**Problem details**
The lines to reproduce from the material below are those from the one containing "Fushii 海堂 兔兔头1" through the one containing "Beyond The Veil", both included; write them out exactly and add nothing.

**Excerpted data**
************

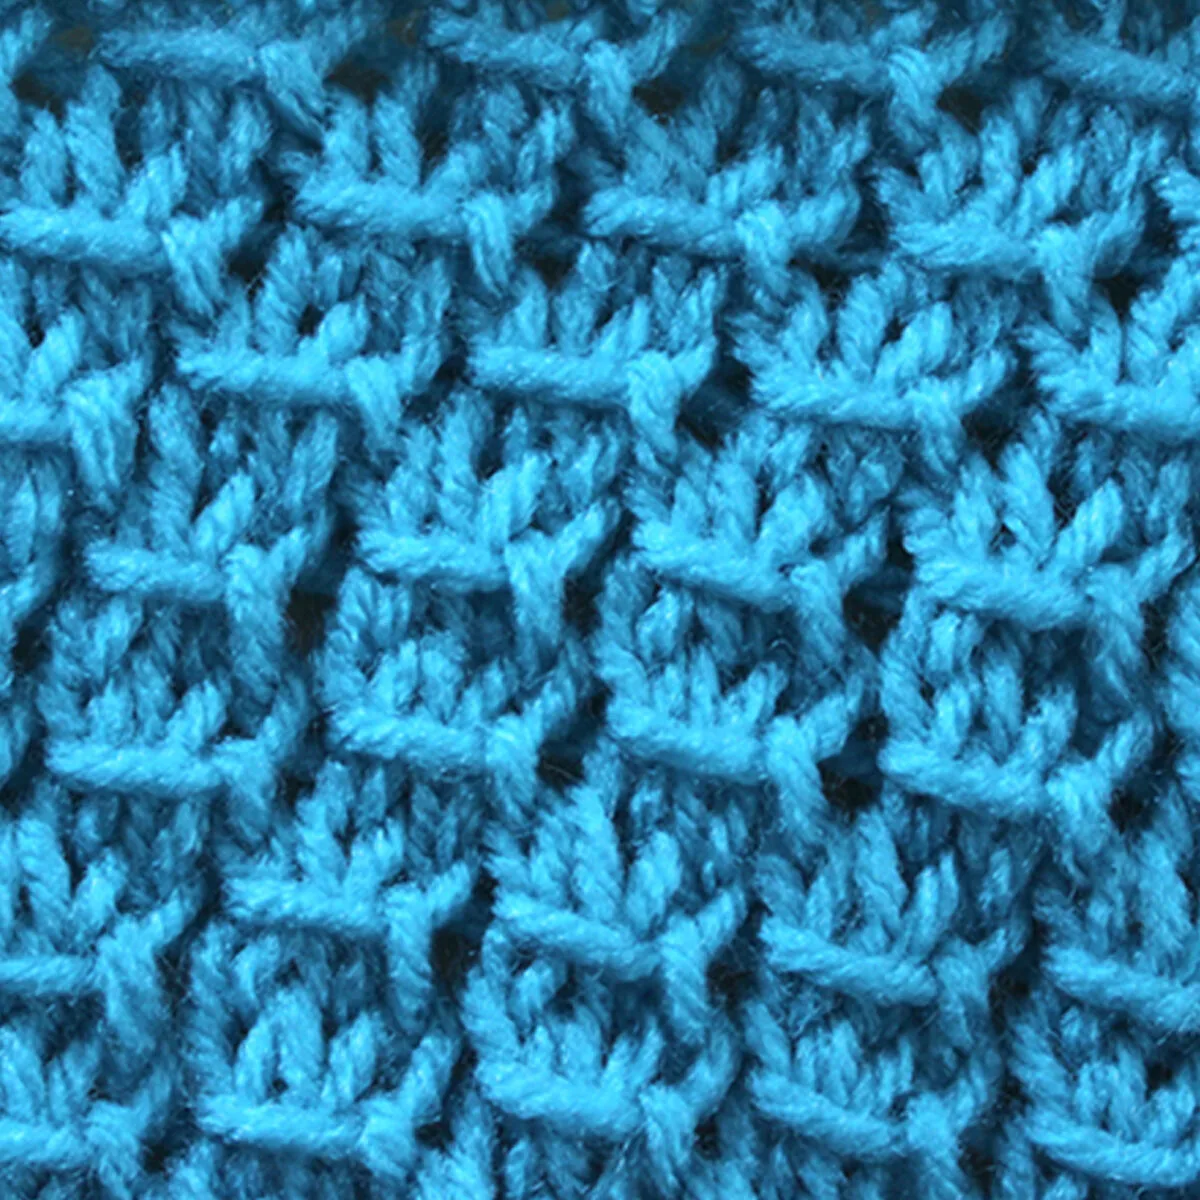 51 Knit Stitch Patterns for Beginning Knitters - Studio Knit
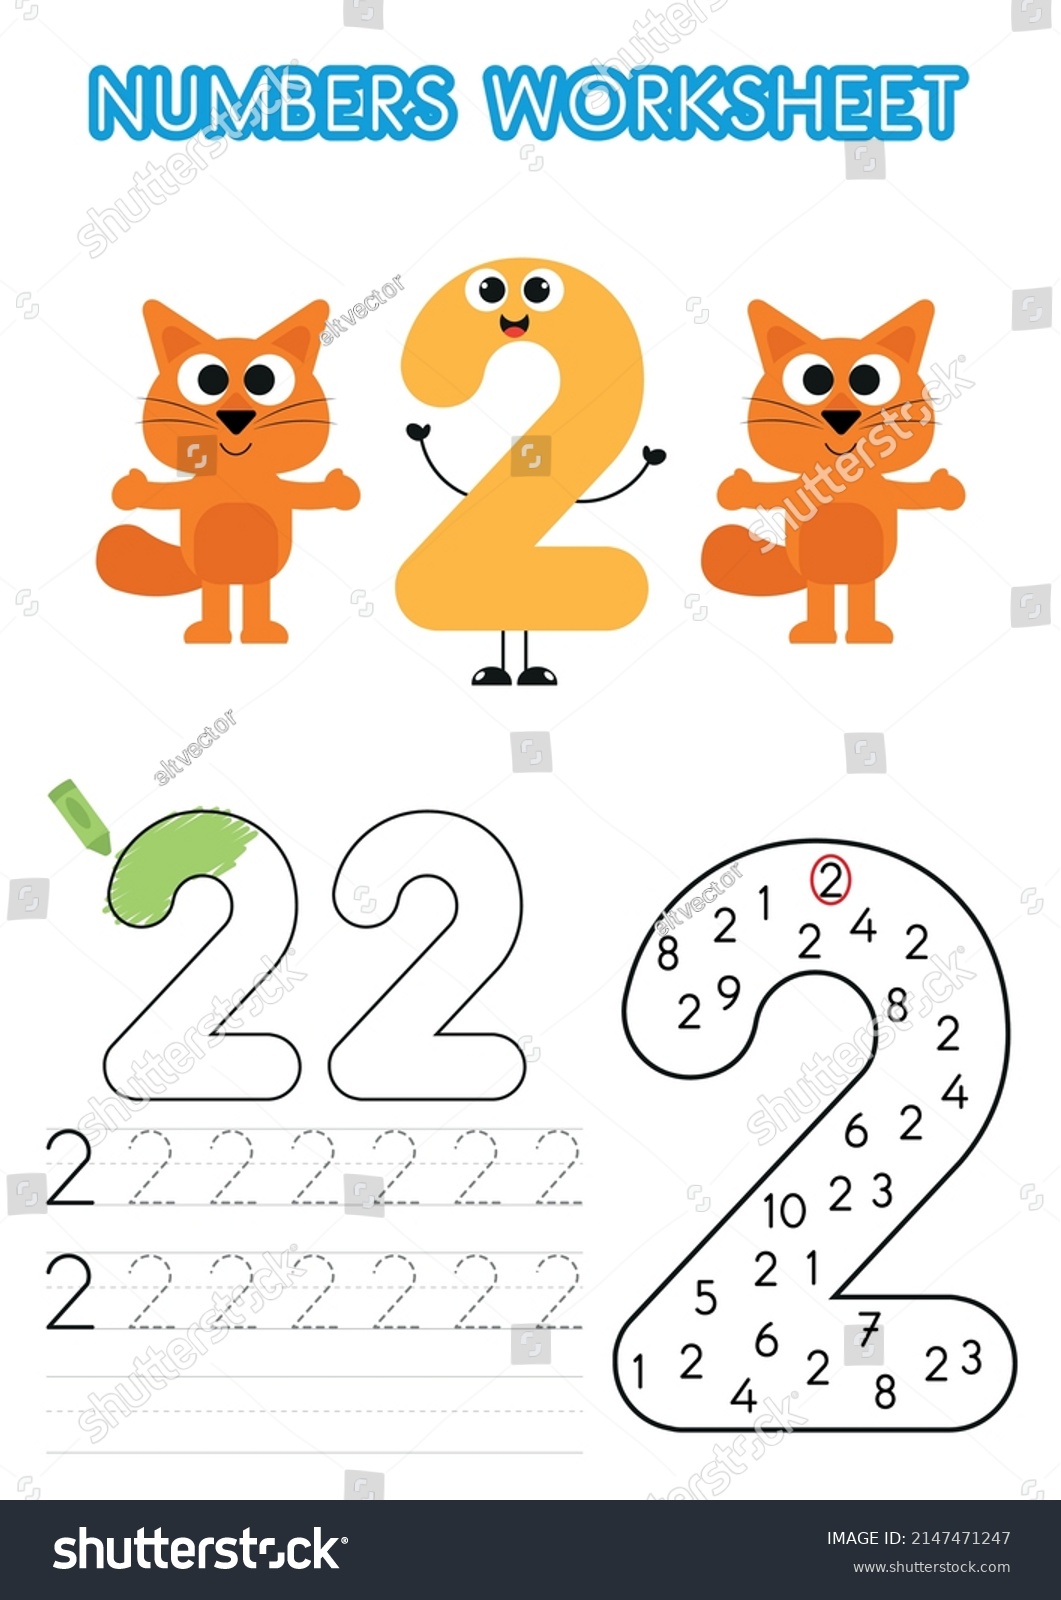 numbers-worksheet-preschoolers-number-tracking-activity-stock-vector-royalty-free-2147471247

************

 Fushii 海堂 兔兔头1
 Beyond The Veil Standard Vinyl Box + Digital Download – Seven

************

**Exercise output**
 Fushii 海堂 兔兔头1
 Beyond The Veil Standard Vinyl Box + Digital Download – Seven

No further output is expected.